The gateway kong uses Redis to limit the service flow, and the gateway and redis services are closed in the same computer room. The timeout time set by the gateway as a client is 50ms
The problem now is that the qps of the gateway request to redis is not high, but the redis client on the gateway side will report many timeouts. tcpdump captures the packet and analyzes it, and it is found that the redis server responds to the data within 5ms. timeout was returned after receiving more than 50ms
Machine specification 4C8G, The container environment only has test traffic, without any other requests, and uses the wrk tool to send requests in parallel. Because with service throttling enabled, each request will trigger nginx to interact with the redis server, look up the value of a key in redis, and incrby will increase the value of the key, as shown in the source code: https://github.com/Kong/kong/blob/master/kong/plugins/rate-limiting/policies/init.lua
The cpu idle rate is more than 85%
The captured data is as follows. The redis server responded within 1.5ms
@zhuizhuhaomeng Hello, do you have any ideas on this problem? Please give me some guidance. Thank you
@liukaiyuliukaiyu
Did you run the tcpdump on the gateway or in the redis services server?
You may also use perf sched record to check the max latency of the process.
I'm having the same problem that @liukaiyuliukaiyu mentioned. I created a custom plugin in Kong with this library and have several timeouts connecting and doing authentication through Redis. My setup is with Kong Db-less in and Redis-Cluster, both in Kubernetes on the same nodes (sometimes).
A few errors /debug messages from my setup: [proxy-cache-redis] REDIS: redis-check failed to authenticate: timeout, fetch_slots(): failed to fetch slots: failed to fetch cluster info: timeout, redis.lua:200 failed to commit the cache value to Redis: timeout
Already tried to increase the connection timeout to bigger values, and the problem remains. Already did the TCPDump and I see exactly the same of @liukaiyuliukaiyu . Already check file descriptores and they are limited to the max defined by nginx and open resty lua 16384
Any idea or guidance to try to find this issue?
My redis connection settings
"redis_hosts": "api-redis.trf-public.svc.cluster.local", "redis_password": xxx, "redis_port": "6379", "redis_timeout": "150", "redis_database": "0", "redis_ssl": "false", "redis_ssl_verify": "false", "pool_size": "256", "backlog": "16384", "max_idle_timeout": "5000", "redis_headless": "api-redis-headless.trf-public.svc.cluster.local"
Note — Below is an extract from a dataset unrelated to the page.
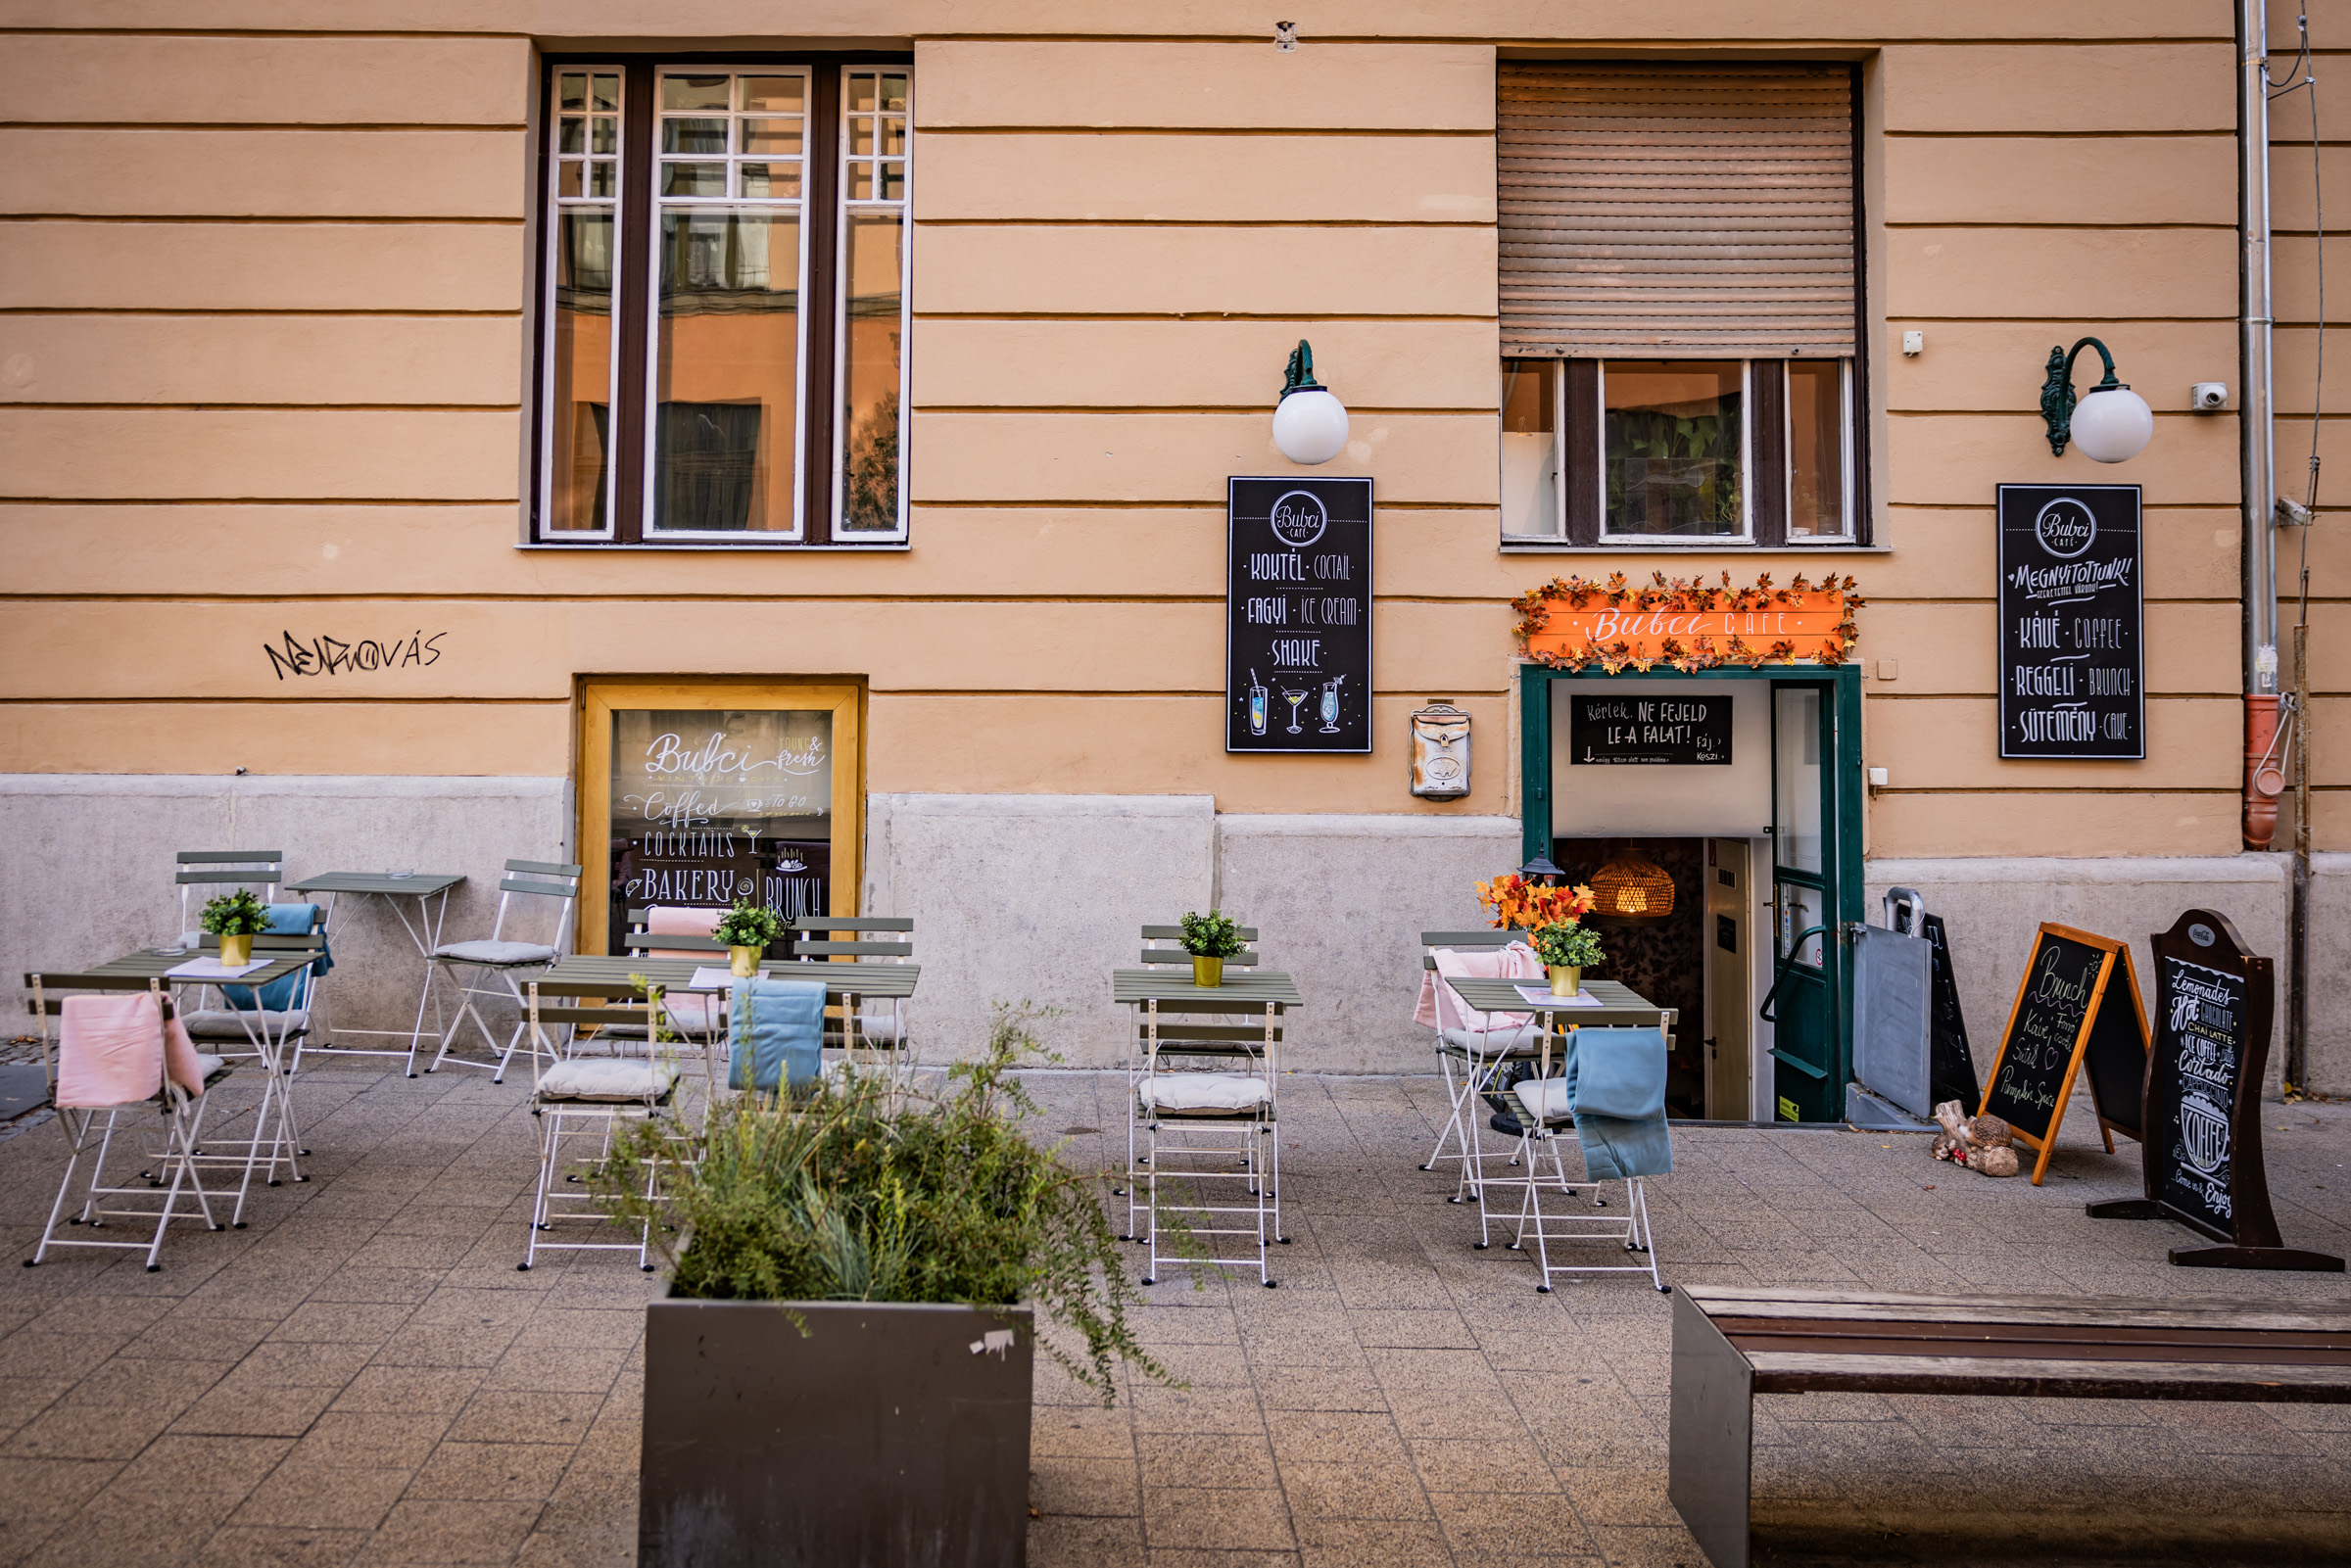 Finomságok a reggeli brunchtól az esti gin-tonikig – Megnyitott a Bubci Café a Móricznál

Any idea or guidance to try to find this issue?
https://github.com/Kong/kong/issues/13473 With this in mind, our conclusion so far is that the nginx user-mode event loop takes a long time
@liukaiyuliukaiyu did you already apply any mitigation or workaround for this issue? Im using Azure Fsv16 machines and using only 8 workers for kong, that way I guarantee a set of resources for the k8s system and not exhausting the machines. (per pod)
@liukaiyuliukaiyu did you already apply any mitigation or workaround for this issue? Im using Azure Fsv16 machines and using only 8 workers for kong, that way I guarantee a set of resources for the k8s system and not exhausting the machines. (per pod)
We plan to upgrade the machine specifications or traffic splitting to solve this problem, but it has not been implemented yet. If you have any new progress and solutions, please leave a message and communicate in time, thank you!